Get PDF Region Text

Gets the text of a region of the PDF file, using the OCR method, according to the specified coordinates.

Command availability: IBM RPA SaaS and IBM RPA on premises

Script syntax

IBM RPA's proprietary scripting language has a syntax similar to other programming languages. The script syntax defines the command's syntax in the script file. You can work with this syntax in IBM RPA Studio's Script mode.

pdfRegionText --region(Rectangle) --language(String) [--autodetect(Boolean)] [--useocr(Boolean)] --ocrprovider(Nullable<OpticalCharacterRecognitionProvider>) [--googlevisionclientsecret(String)] --page(Numeric) --dpix(Numeric) --dpiy(Numeric) --file(Pdf) (String)=value

Input parameter

The following table displays the list of input parameters available in this command. In the table, you can see the parameter name when working in IBM RPA Studio's Script mode and its Designer mode equivalent label.

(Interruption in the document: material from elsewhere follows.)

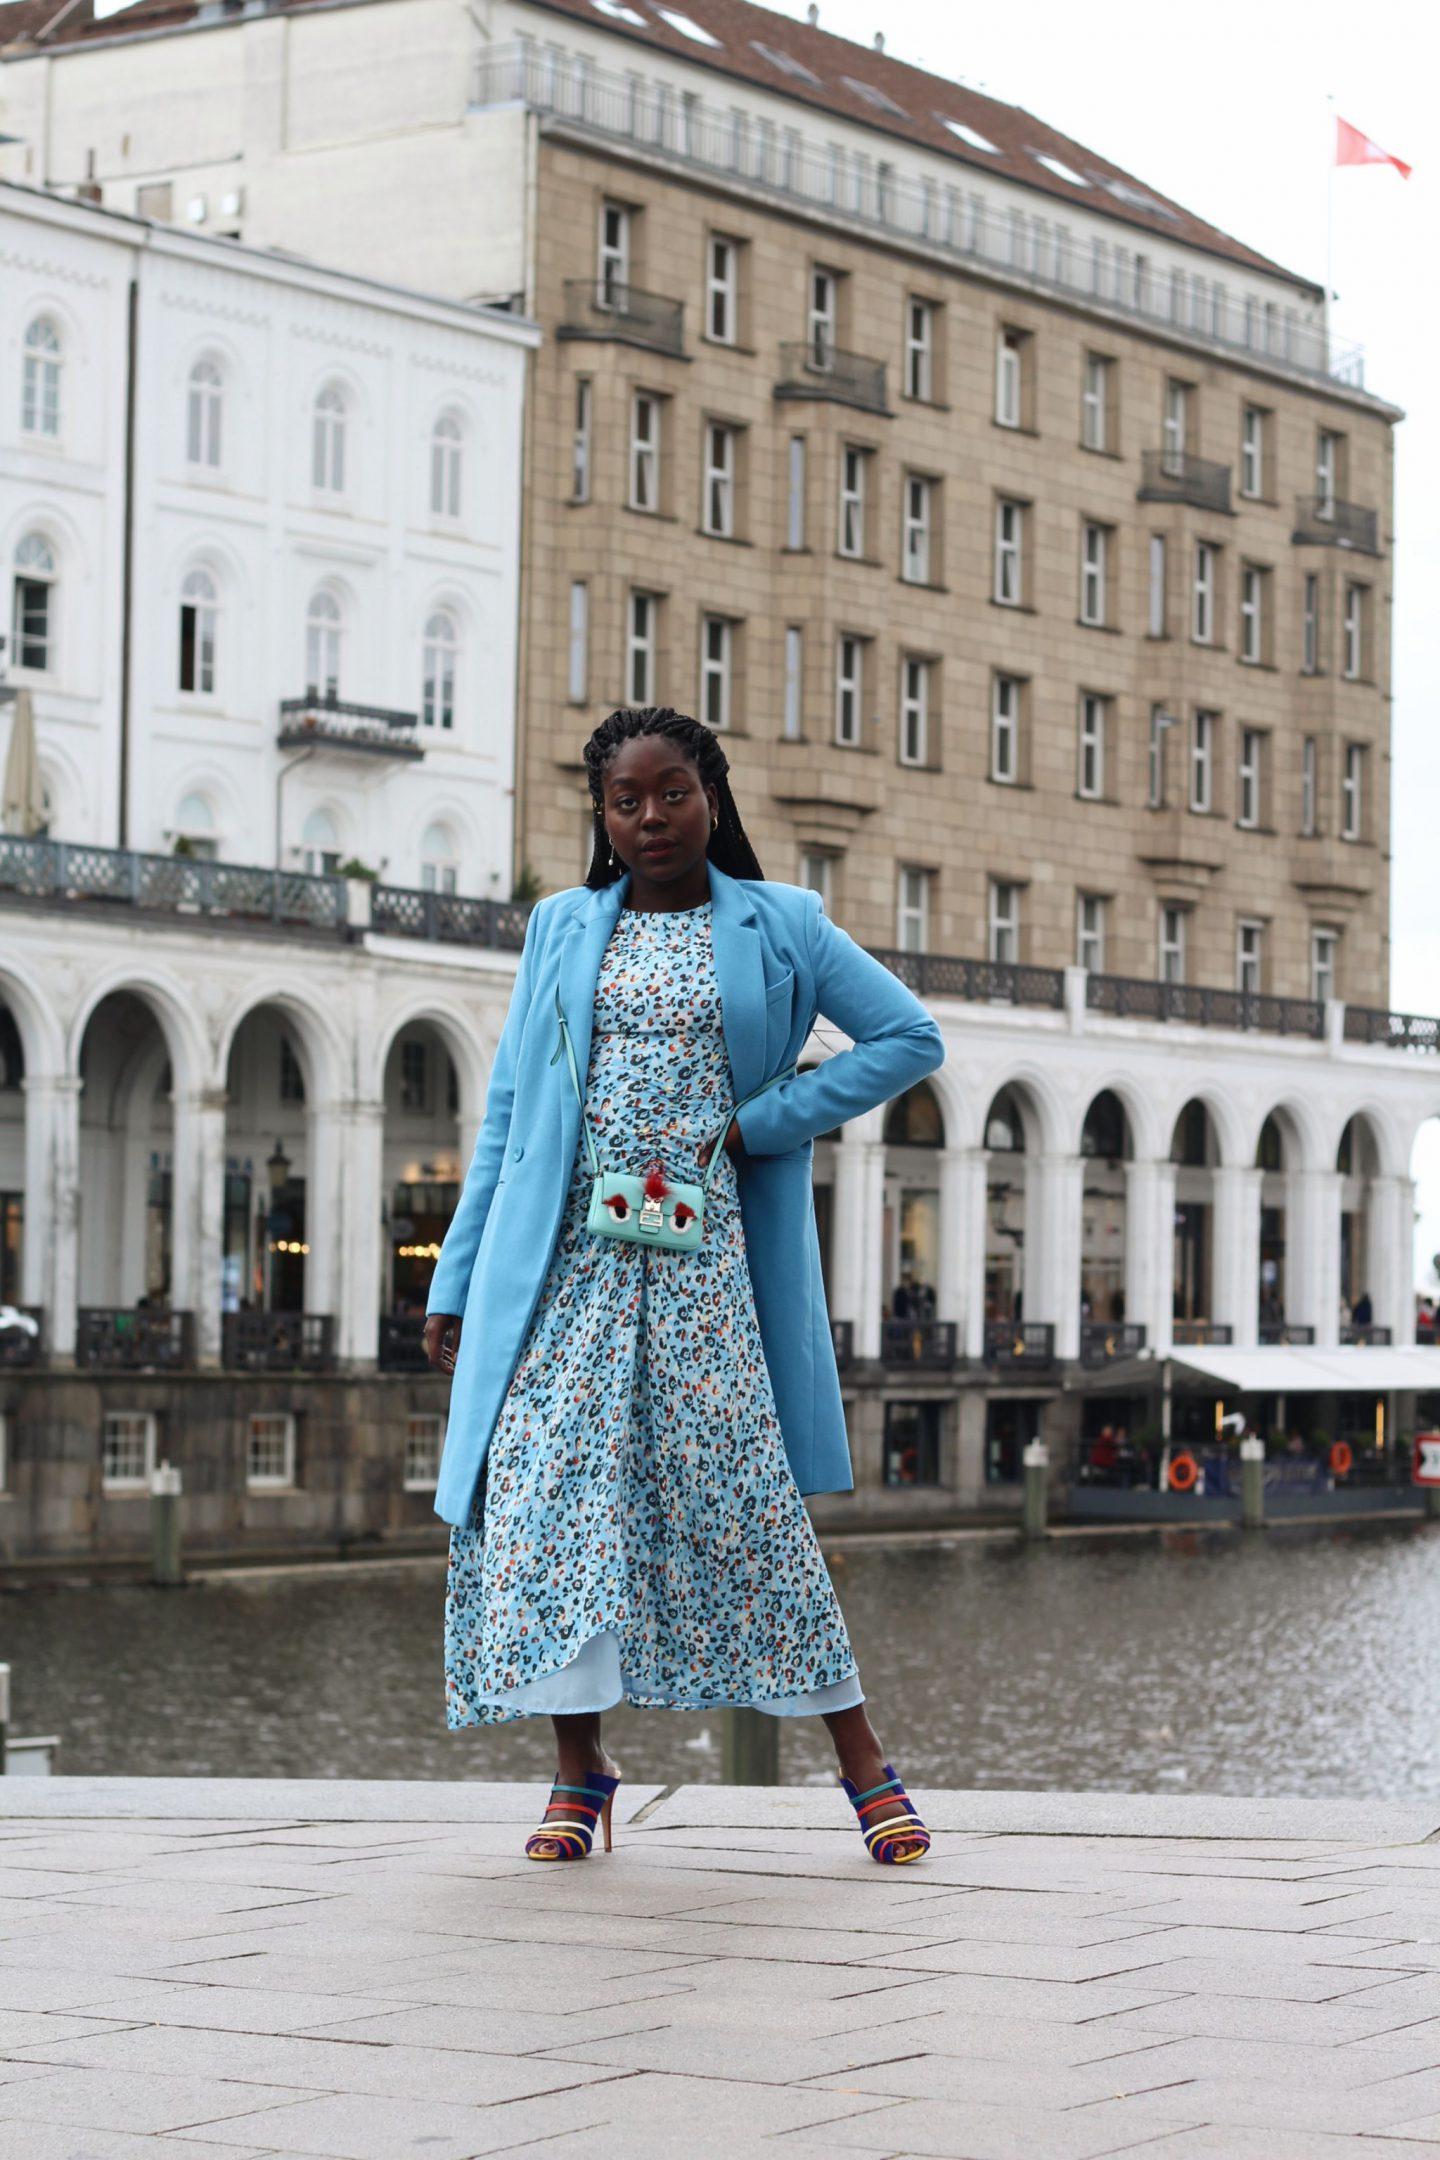 Lala_Berlin_Streetstyle_Lois_Opoku_Fashion_Blogger_Fendi_Monster_Malone_Souliers_lisforlois_5

Designer mode label	Script mode name	Required	Accepted variable types	Description
OCR Provider	`ocrprovider`	`Required`	`OpticalCharacterRecognitionProvider`	Text recognition method to use. See the `ocrprovider` parameter options
API Parameters	`googlevisionclientsecret`	`Optional`	`Text`	The absolute path to the JSON file containing the API parameters. Refer to the Google Cloud Vision™ documentation for details about the JSON format.
Region	`region`	`Required`	`Rectangle`	Region that delimits the location in the PDF file from where the text should be obtained. The region is made up of the coordinates X and Y, in addition to the width and height. To obtain the region of the file, use the IBM RPA Studio Region Selector, located in the upper menu: "Tools> Pdf> Region Selector".
Auto Detect	`autodetect`	`Optional`	`Boolean`	When enabled, it automatically selects the OCR provider used to obtain text from a PDF file.
Use OCR	`useocr`	`Optional`	`Boolean`	When enabled, it allows the OCR provider to be selected to retrieve the text.
Page	`page`	`Required`	`Number`	Number of the page from which the text should be retrieved.
DpiX	`dpix`	`Required`	`Number`	Number of pixels per inch on the horizontal axis of the PDF file.
DpiY	`dpiy`	`Required`	`Number`	Number of pixels per inch on the vertical axis of the PDF file.
File	`file`	`Required`	`PDF`	Full path to the PDF file from which the text should be retrieved.
Clear trailing line breaks	`sanitize`	`Optional when the OCR Provider parameter is Abbyy`	`Boolean`	Trims the result text, removing trailing Unicode line break characters.
Language	`cultureformat`	`Required`	`Text, Culture`	Language in which the value to be obtained is written. For supported languages see Supported languages.

`ocrprovider` parameter options

The following table displays the options available for the ocrprovider input parameter. The table shows the options available when working in Script mode and the equivalent label in the Designer mode.

Designer mode label	Script mode name	Description
Abbyy	`Abbyy`	Abbyy OCR Provider
Google	`Google`	Google Tesseract OCR provider.
Google Cloud Vision	`GoogleVision`	Google Cloud Vision API.

Output parameter

Designer mode label	Script mode name	Accepted variable types	Description
Value	`text`	`Text`	Returns the text retrieved from the specified region of the PDF.

Example

The Get PDF Region Text command obtains the text "Bill To, Lucas Lima" from a PDF file, from a specific region.

defVar --name pdfFile --type Pdf
defVar --name obtainedText --type String
// Use a PDF file.
pdfOpen --file "fileForPDFCommands.pdf" pdfFile=value
// Enter the parameters according to the coordinates of your PDF file.
pdfRegionText --region "158,258,136,86" --language "eng" --page 1 --dpix 110 --dpiy 110 --file ${pdfFile} obtainedText=value
logMessage --message "Text obtained from the specified region: ${obtainedText}" --type "Info"
// The obtained text is displayed in the console.